This pipeline demonstrates six key composability patterns:

Pattern 1: Schema-driven extraction - Pydantic models define output structure for consistent parsing.

Pattern 2: Intelligent chunking - Semantic-aware text splitting respects structure and context.

Pattern 3: Explode for row multiplication - Transform single transcript into multiple segment rows.

Pattern 4: Nested structure access - Reference nested fields like segment.speaker naturally.

Pattern 5: Semantic aggregation - Group data and apply LLM operations across groups.

Pattern 6: Mixed operations - Combine semantic and traditional DataFrame operations in one pipeline.

The pipeline reads raw text, extracts structure, transforms content, aggregates semantically, and writes results—all declaratively expressed with automatic optimization, batching, and error handling.

Configuring Advanced Model Profiles and Multi-Provider Strategies

Production systems need flexibility in model selection.
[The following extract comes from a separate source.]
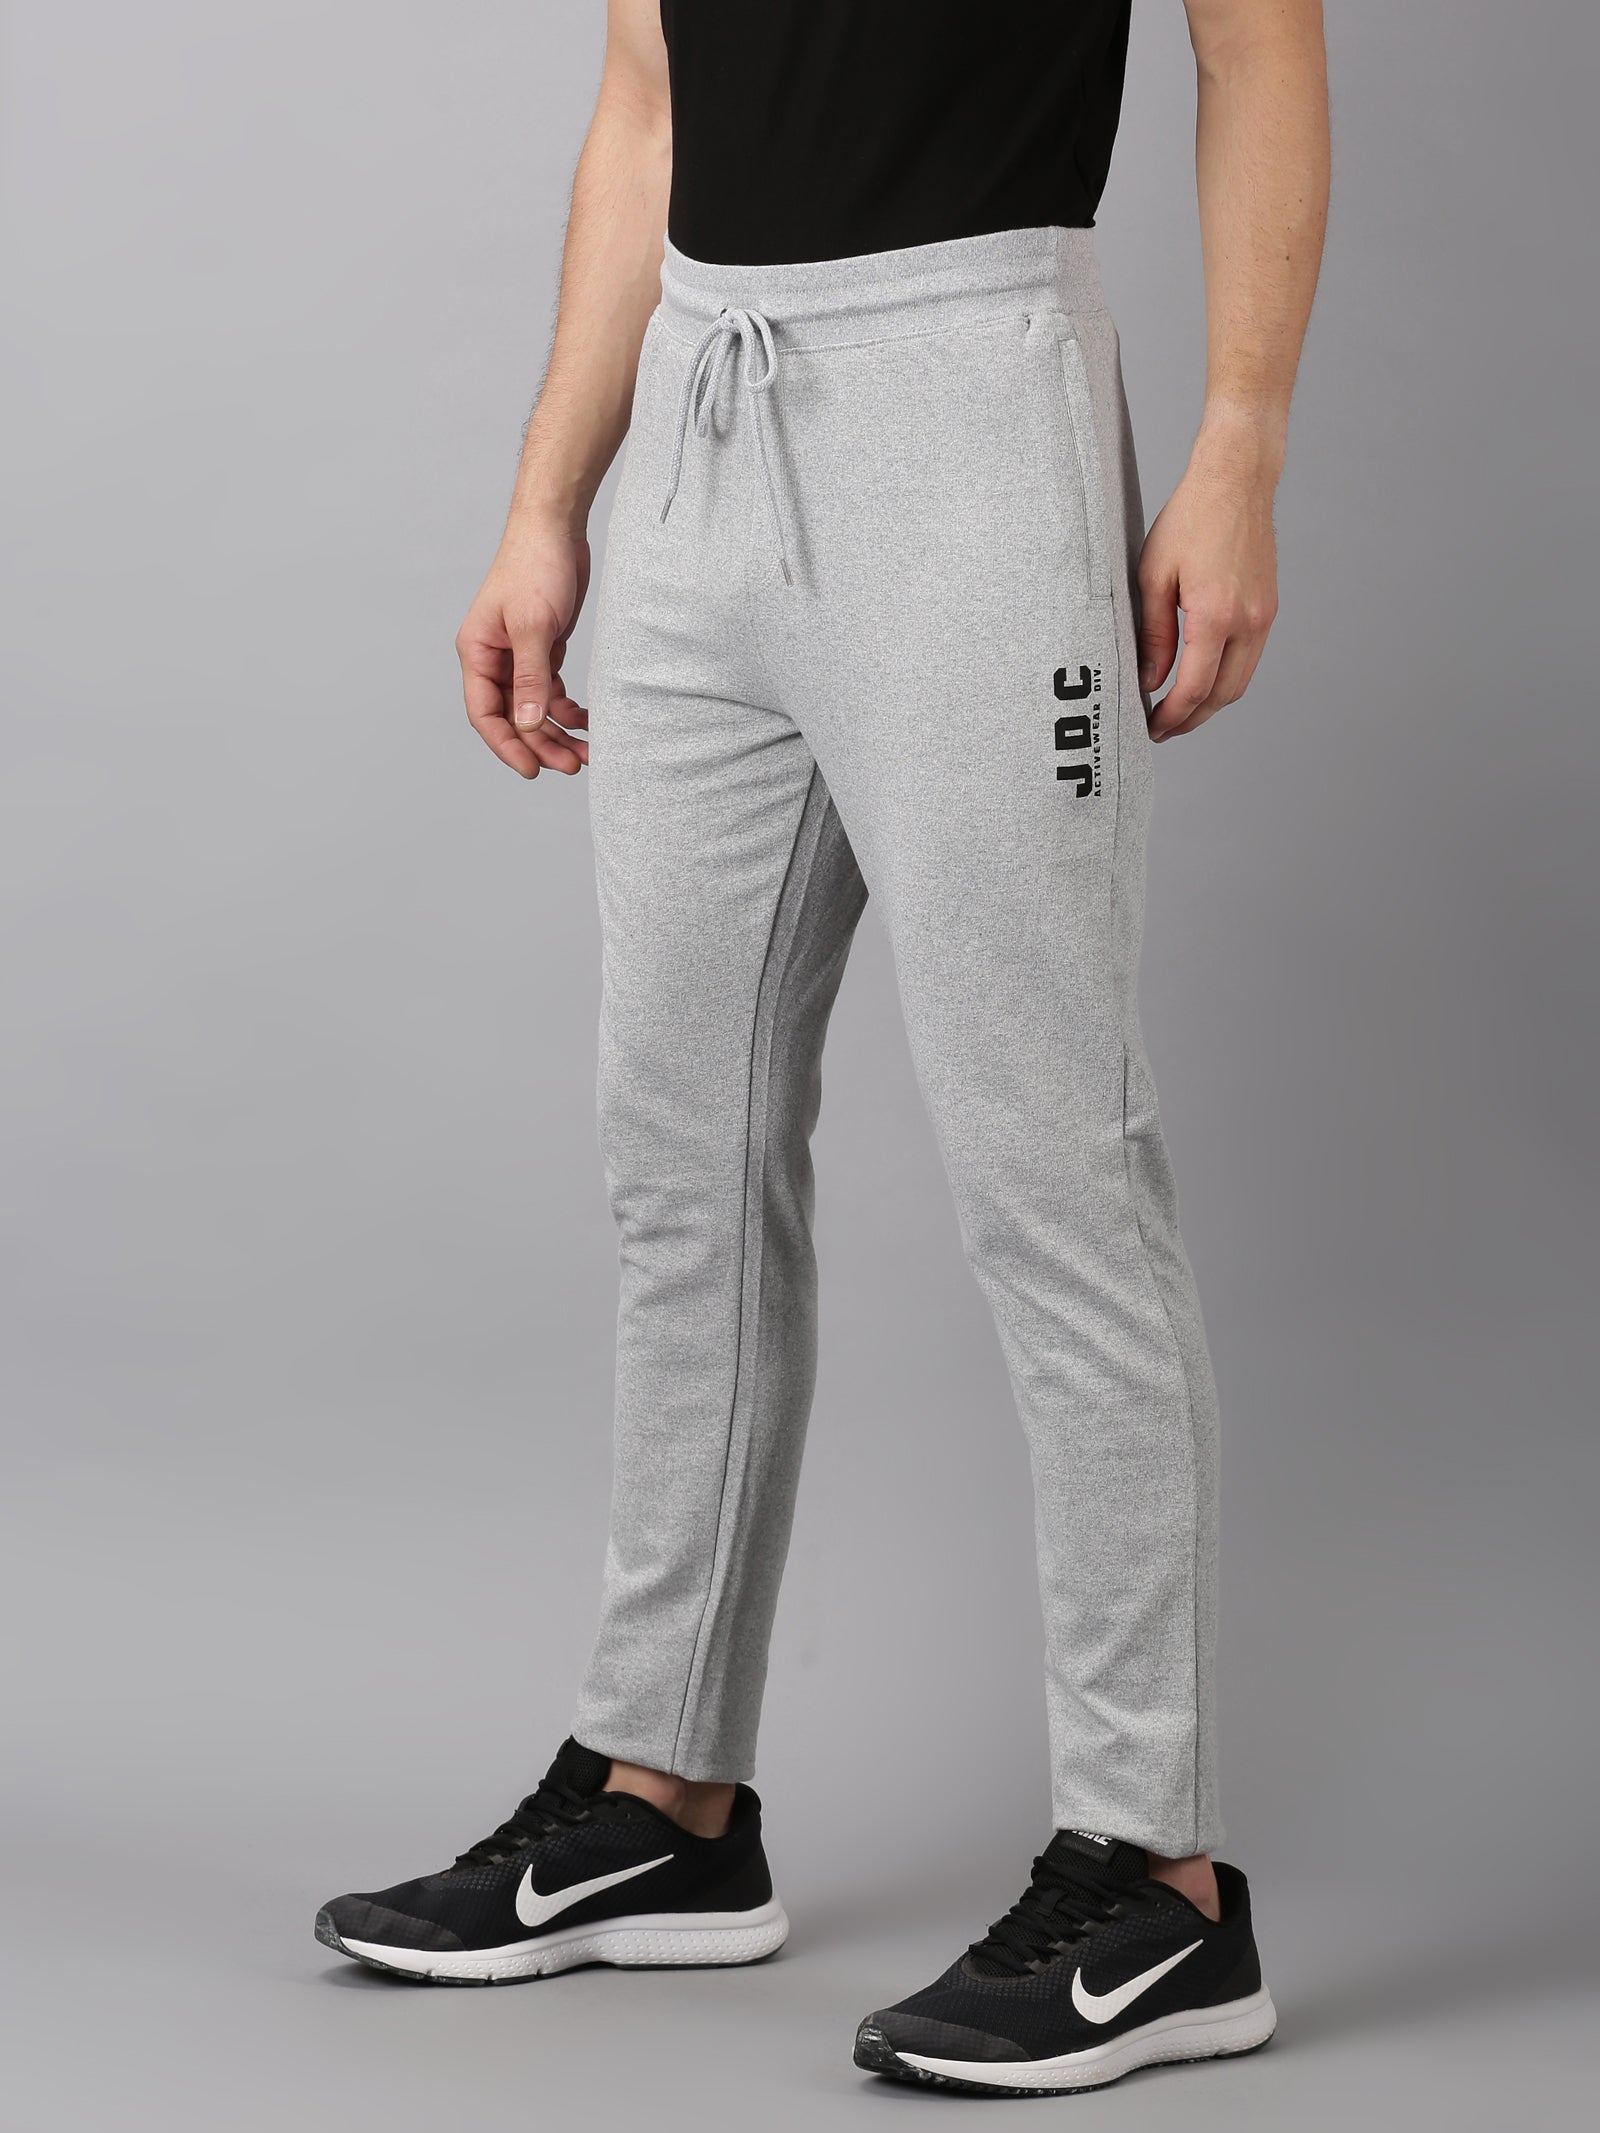 Washable 100 Percent Slim Fit Track Pants And Sportswear Joggers With Blue  Plain Men's Lower at Best Price in Alipur Duar | Joypal Basumata & Co.

Fenic supports model profiles that configure the same model with different settings:

python
config = fc.SessionConfig(
    semantic=fc.SemanticConfig(
        language_models={
            "claude": fc.AnthropicLanguageModel(
                model_name="claude-opus-4-0",
                rpm=100,
                input_tpm=100,
                output_tpm=100,
                profiles={
                    "thinking_disabled": fc.AnthropicLanguageModel.Profile(),
                    "fast": fc.AnthropicLanguageModel.Profile(
                        thinking_token_budget=1024
                    ),
                    "thorough": fc.AnthropicLanguageModel.Profile(
                        thinking_token_budget=4096
                    )
                },
                default_profile="fast"
            )
        },
        default_language_model="claude"
    )
)

# Use default "fast" profile
fc.semantic.map(
    "Construct a formal proof of the {{hypothesis}}.",
    hypothesis=fc.col("hypothesis"),
    model_alias="claude"
)

# Override to use "thorough" profile for complex reasoning
fc.semantic.map(
    "Construct a formal proof of the {{hypothesis}}.",
    hypothesis=fc.col("hypothesis"),
    model_alias=fc.ModelAlias(name="claude", profile="thorough")
)

For Anthropic models, profiles configure thinking token budgets (1024-8192 tokens). For OpenAI o-series models, profiles set reasoning effort (low, medium, high). This enables dynamic model selection based on task complexity without changing pipeline code.

Multi-provider strategies optimize cost and reliability:

python
semantic=fc.SemanticConfig(
    language_models={
        "cheap": fc.OpenAILanguageModel("gpt-4o-mini", rpm=500, tpm=200_000),
        "fast": fc.GoogleVertexLanguageModel("gemini-2.0-flash-lite", rpm=300),
        "powerful": fc.AnthropicLanguageModel("claude-opus-4-0", rpm=100),
    },
    default_language_model="cheap",
)

Use cheap models for simple classification, fast models for bulk processing, and powerful models for complex reasoning. The query optimizer can theoretically route operations to appropriate models based on complexity, though explicit selection gives you full control.

Leveraging Declarative Tools for Optimization and Debugging

Fenic's declarative API enables automatic optimization that imperative code cannot achieve. When operations are expressed declaratively, the query engine sees the entire pipeline and optimizes globally.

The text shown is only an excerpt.